Руководил нашей школой Марк Семенович Морозов. Название «образцовая» оправдывалось следующими его нововведениями. Все вплоть до седьмого класса (я пришел в школу, когда она была еще мужская) ходили подстриженные под ноль. До сих пор помню зрелище поблескивающих черепов, особенно впечатляющее в сумеречные часы. Можно было отвлечься от того, что говорили учителя, и погрузиться в изучение форм черепов. Колоссально интересное занятие! Одни черепа были круглы, как бильярдные шары, другие впечатляли нестандартностью изломов. Какой выразительный череп был у мальчика по фамилии Мехельсон!


Ежегодная трудовая повинность в колхозе с Левой Васильевым. 1957 год


Ленинград. С Левой Додиным. Эпоха «чеса»

Другое нововведение заключалось в том, что одеты все мы были в сталинские мундиры, только черненькие: френчики с двумя карманами на груди. До седьмого класса мундирчики были с отложными воротничками, начиная с седьмого – со стоячими. С седьмого класса допускались послабления по части шевелюры: можно было стричься под легкий бобрик.

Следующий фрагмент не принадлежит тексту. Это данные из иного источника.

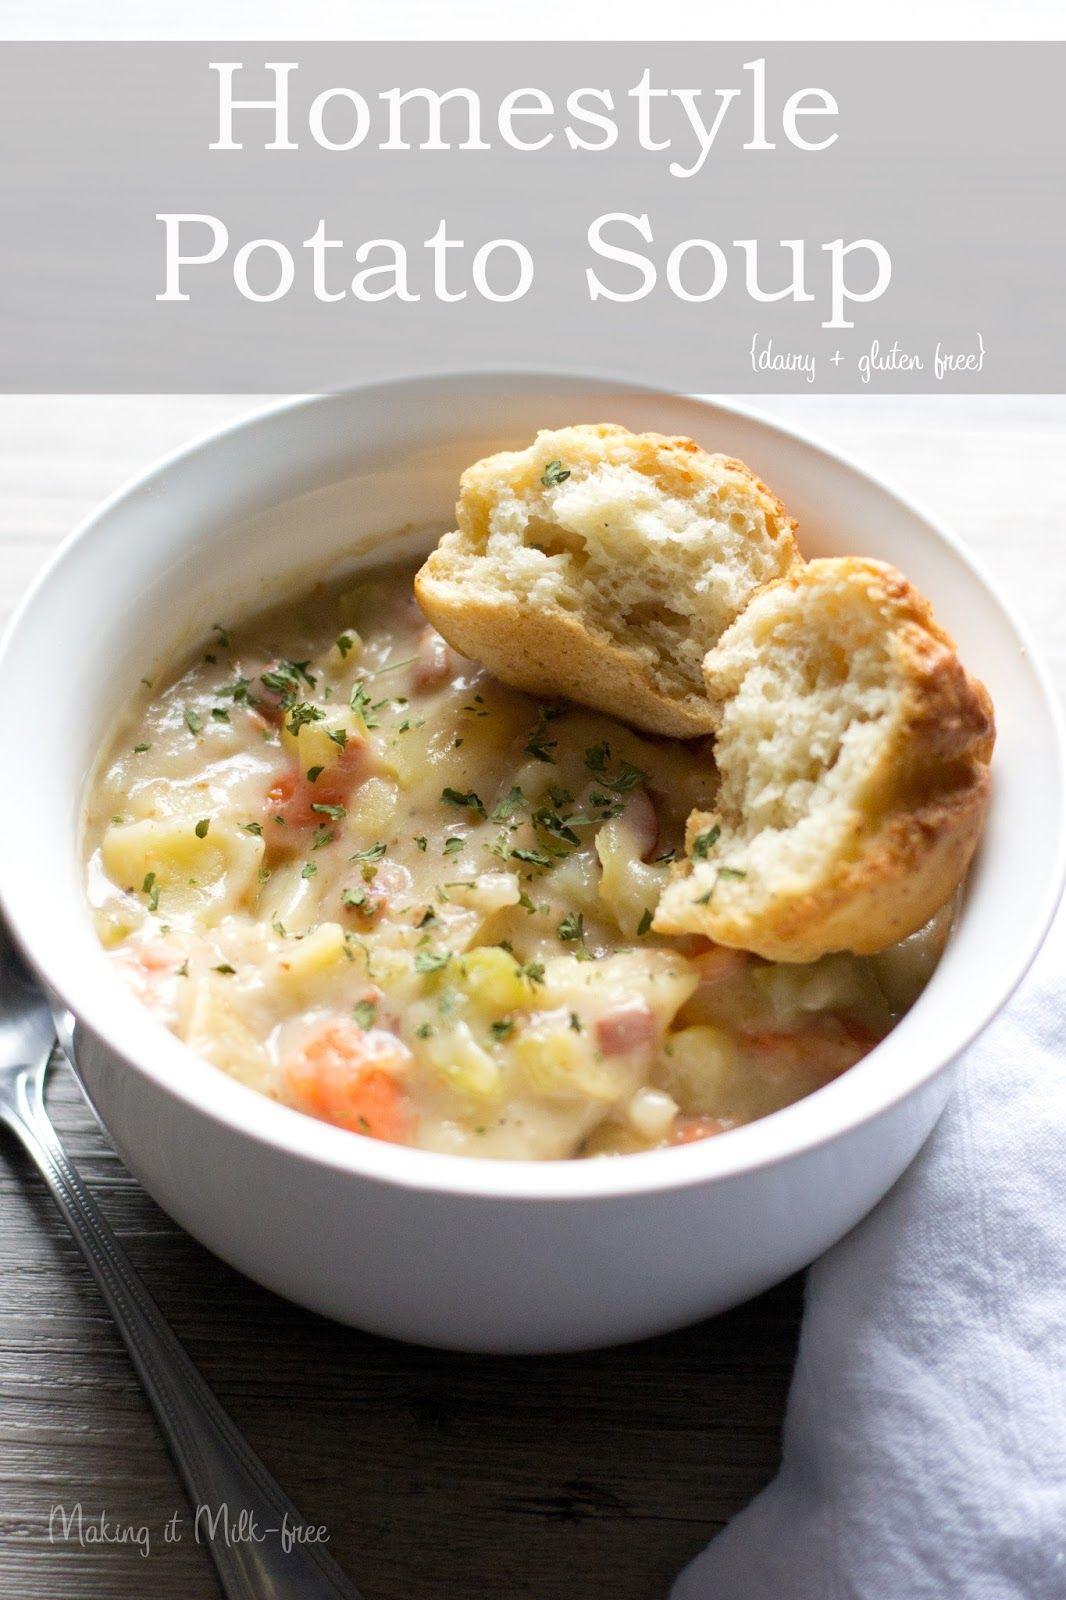 Homestyle Potato Soup | Recipe | Gluten-free Soups & Stews ...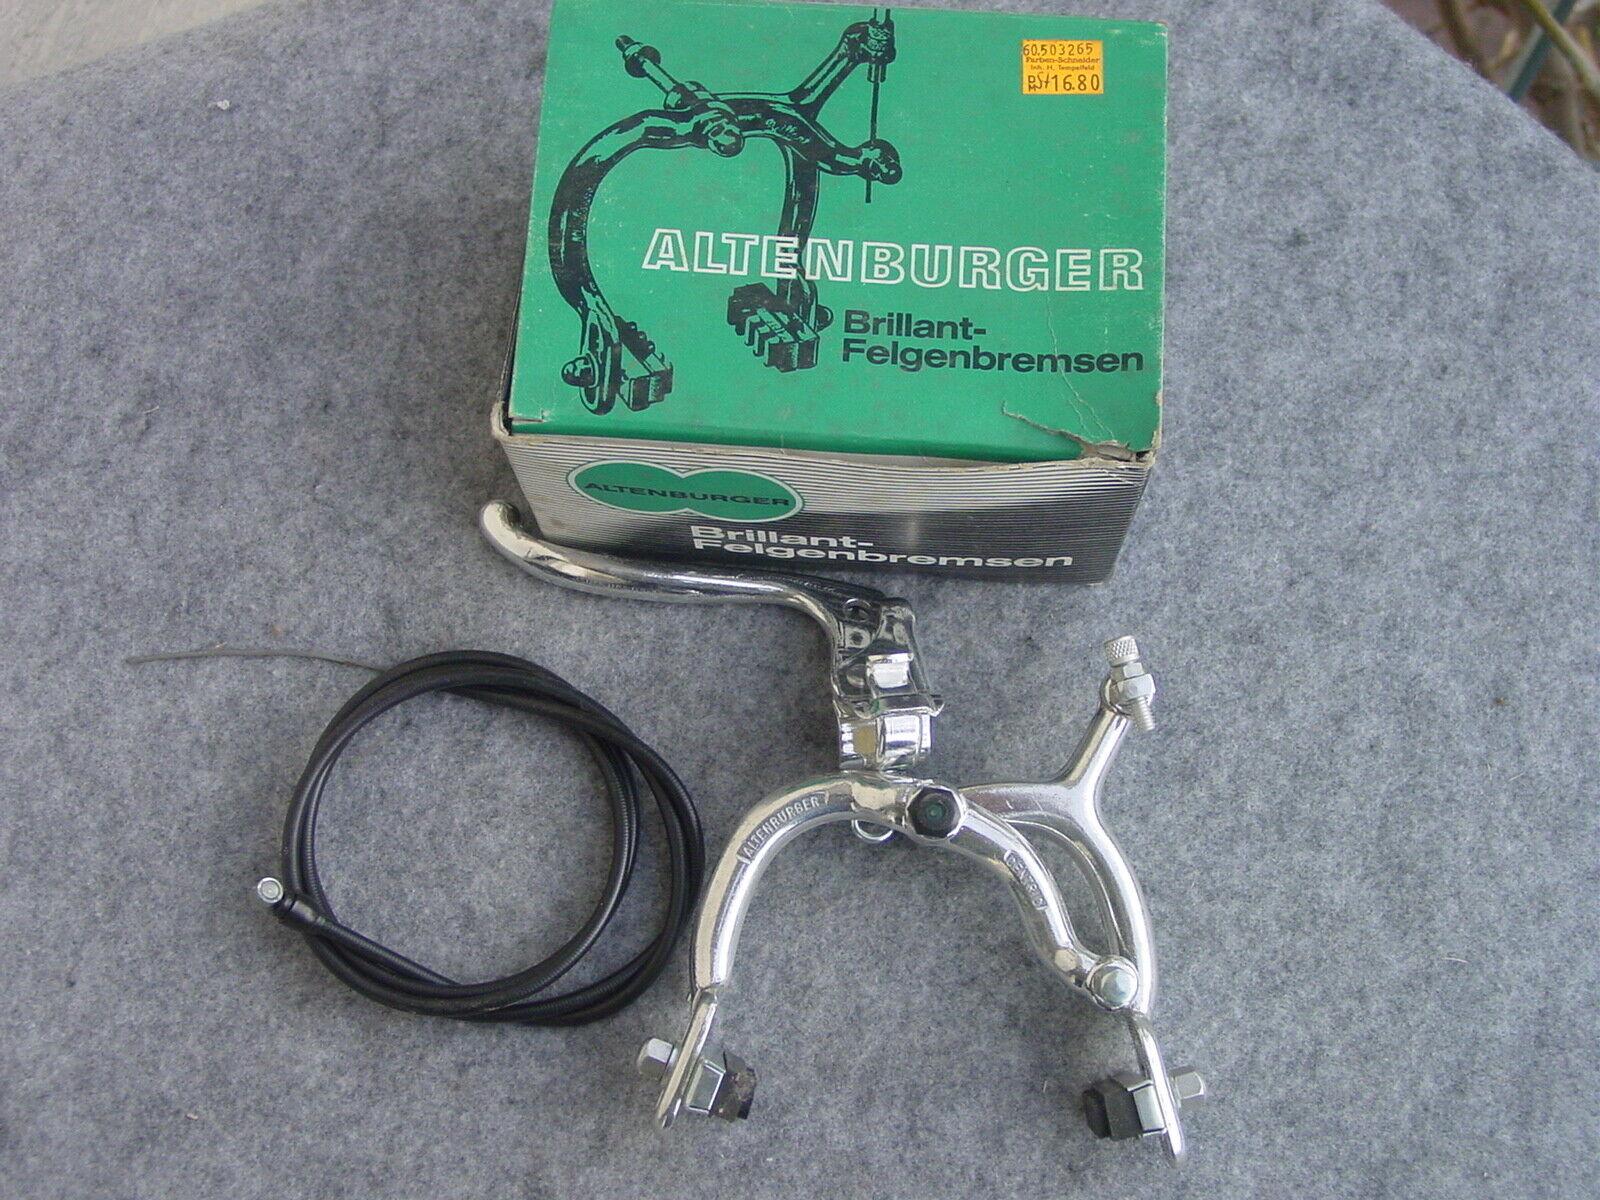 Altenburger Centric Rim Brake Rear Ovp New 1,75 Tire T II 58

Начальные классы школы размещались на первом этаже, а под ними, в подвале дома – ликеро-водочный завод, который, по-моему, не могут выселить и по сей день. Все десять лет обучения мы проходили слегка пьяноватыми, поскольку дышали чистейшими спиртовыми газами, проникавшими в классы сквозь щели. Какое же, наверное, замечательное сюрреалистическое зрелище являли собой мы со стороны: маленькие черепастые человечки в арестантских сталинских мундирчиках, и все как один вроде бы слегка выпимши. Что же до освоения знаний, то по этой части успехи мои были довольно убогими.

Самым близким моим товарищем по школе был уже упомянутый Лева Додин.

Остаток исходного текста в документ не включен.